We Need A Child-Centred South Africa
In the midst of the political muddle that is South Africa, we need to re-vision a defining ideal.
Part of the frustration and disillusionment of the current molasses mess we find ourselves in is that the defining narratives and metaphors no longer hold the popular imagination.
When the political capital of the liberation struggle, the so-called Rainbow Nation, the colonial mentality and the unresolved trauma and anger no longer hold our attention, what can we say that the psyche of South Africans — as defined by the Freedom Charter — will be captured by?
In Johannesburg, and in many other parts of the country, the early pioneers of Catholicism focused on the real needs that they found in this dusty and “temporary” settlement. From the arrival of the Sisters of the Holy Family of Bordeaux, they tackled courageously the defining problems of an area that was initially ignored by the rudimentary government of the time.
Kruger’s Volksraad hoped (like a later president did with the HIV pandemic) that the settlement would just disappear, like other gold rush places. It was all about exploitation.
The Zuid-Afrikaansche Republiek never made provision for healthcare or education in the tent city that was Johannesburg. That’s where the courageous Sisters of the Holy Family of Bordeaux came in. They and the Church that followed their lead focused on children and healthcare.
If we are to find a new defining narrative for South Africa after the inevitable departure of the current president pro tem, what should that be?
I think that we need to re-vision a country to be child-centred.
Imagine a defining vision that starts from the health of mother and child in the womb, to proper care and provision for dignified housing, proper schooling, effective nutrition and so on.
This child-centred vision is not the banaba Mbeki idea of endless grants but a defining vision of community and government placing children at the centre of everything we do. Imagine a country and a Church where our central tenet and focus is on our children!
In some ways the current South African political process has this in play with such legislation as the Children’s Act and the very interesting efforts of the Department of Basic Education to focus on Early Childhood development best practice.
Yet, this focus won’t reach fruition as those who are trying to pursue this vision have been hamstrung by the Termination of Pregnancy Act. By choosing death over life, I believe that they have killed the possibilities of a child-centric country.
This country is very young. Part of the attraction of the angry narrative of the Economic Freedom Front and others is that these are generally disruptive young people who will not keep quiet about their exclusion and marginalisation. No longer will a delayed gratification promise be useful or effective.
If we take the child seriously, it will dictate so many of the policies and priorities of community and government.
Imagine if you asked the state security apparatus if the 26 vehicles of the presidential motorcade is child-centric? What of the behind-the-bicycle-shed scraps that is parliament, the Twitter outrages, the never-resolving discussions on race and colonialism and tribal politics? I hazard that if we focus on being child-centric, this will be relegated to the position that it should occupy.
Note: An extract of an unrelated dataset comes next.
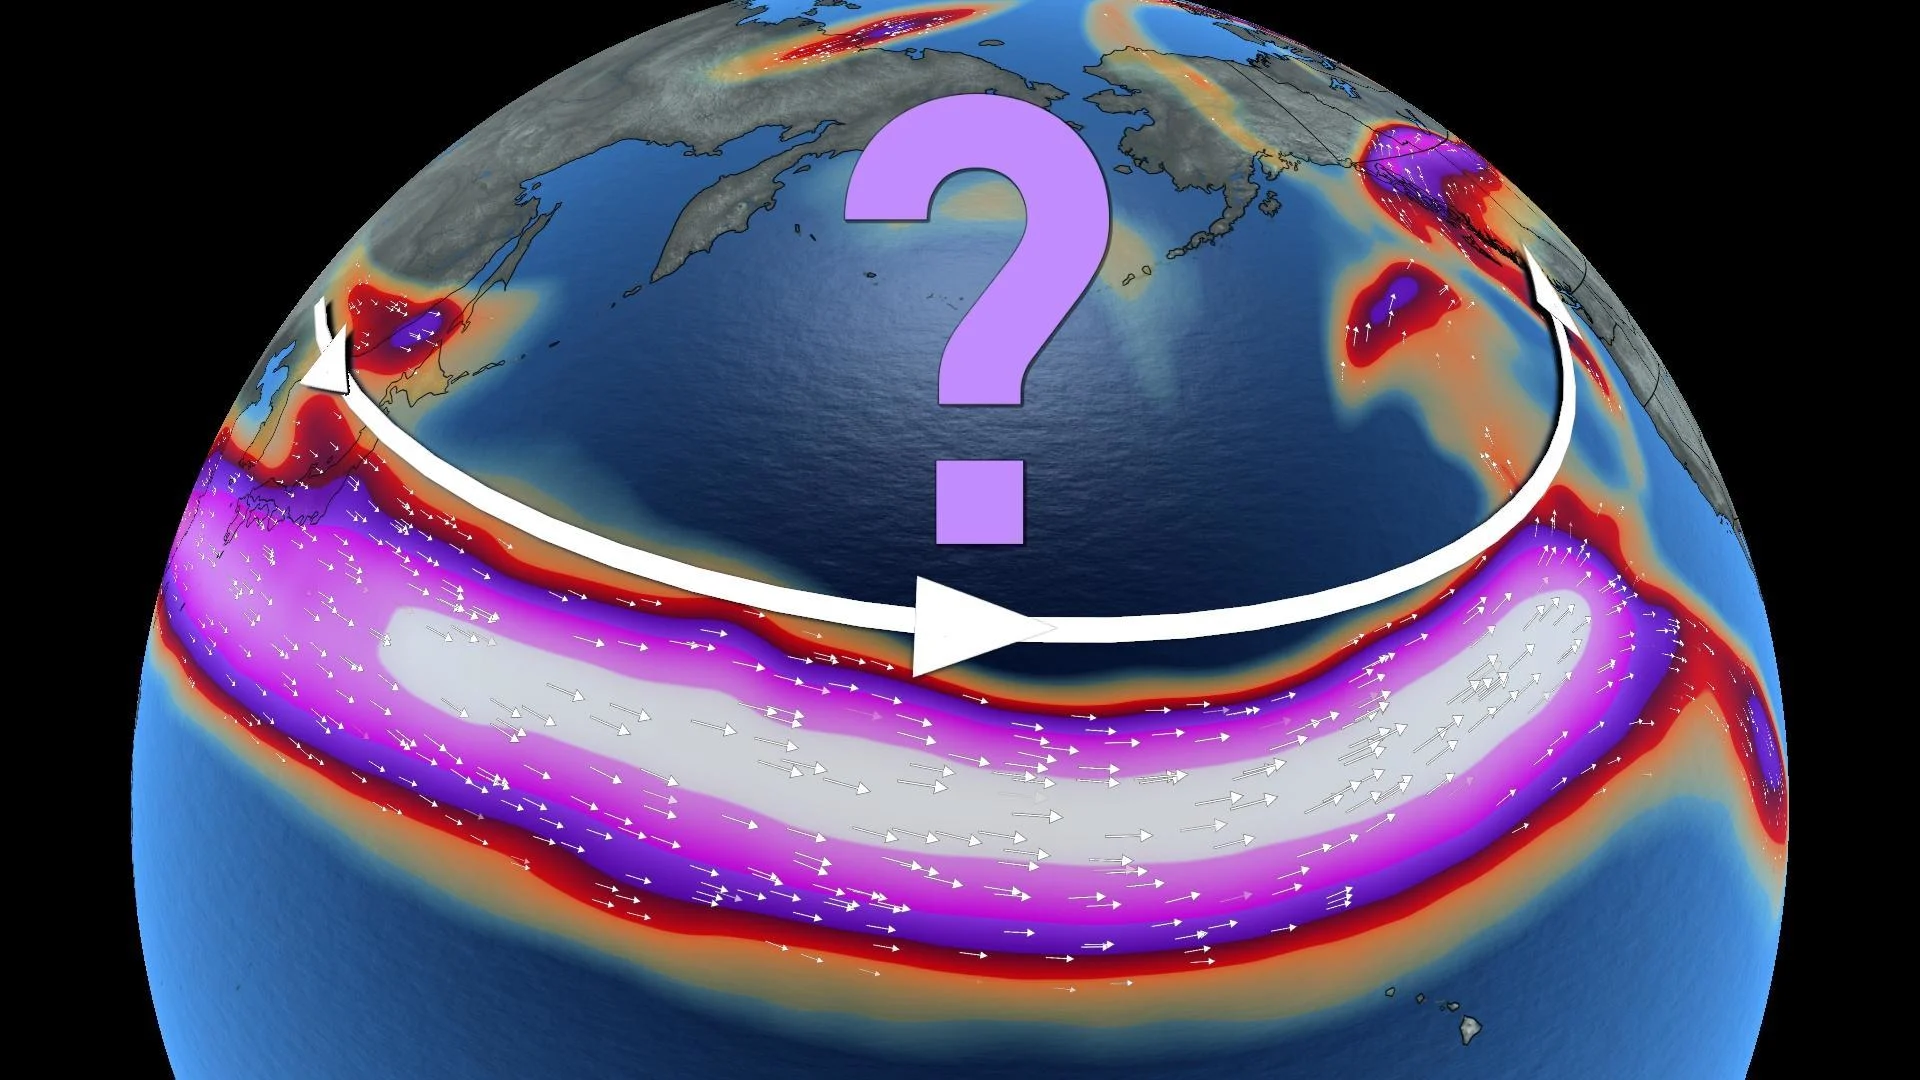 A 10,000-km-long, super-straight jet stream poses issues for Canada

If a whole country focuses on the child, we can demand that healthcare be revisioned so the benefit works to the child and the parent. We can demand that education is removed from its current reductio ad absurdium downward spiral. We can ask if the refugee Child or undocumented migrant child can be included and not excluded as it currently is.
We can see that transport legislation focuses less on who isn’t paying and more on the horrifically unsafe transport solutions for children.
Possibly the deepest and most profound re-visioning will be the need of parents to rethink their responsibility towards their children.
Our urban South African culture — and possibly most of our culture — has forced or allowed parents to abandon their children to the other: the educator, the hired help, the relatives.
In my work with schools, many schools have children on premises from 6am to after 6pm. This is a culture that has put career over children. Yes, many parents need to work absurd hours to make ends meet — most South African children coming as they do from single-parent households — but is this the future that we want?
In the Church we often hear that most irritating and fairly inaccurate idea that “the youth are the future of the Church”. If we as Church are going to lead the paradigm shift to being child-centric, we need to be able to recognise — as Our Lord Jesus did — that children in so many ways are the Church and that we need to be able to revise our interaction to be child-centric.
One wonders if this focus would not radically change our approach to liturgy, language and mostly catechesis.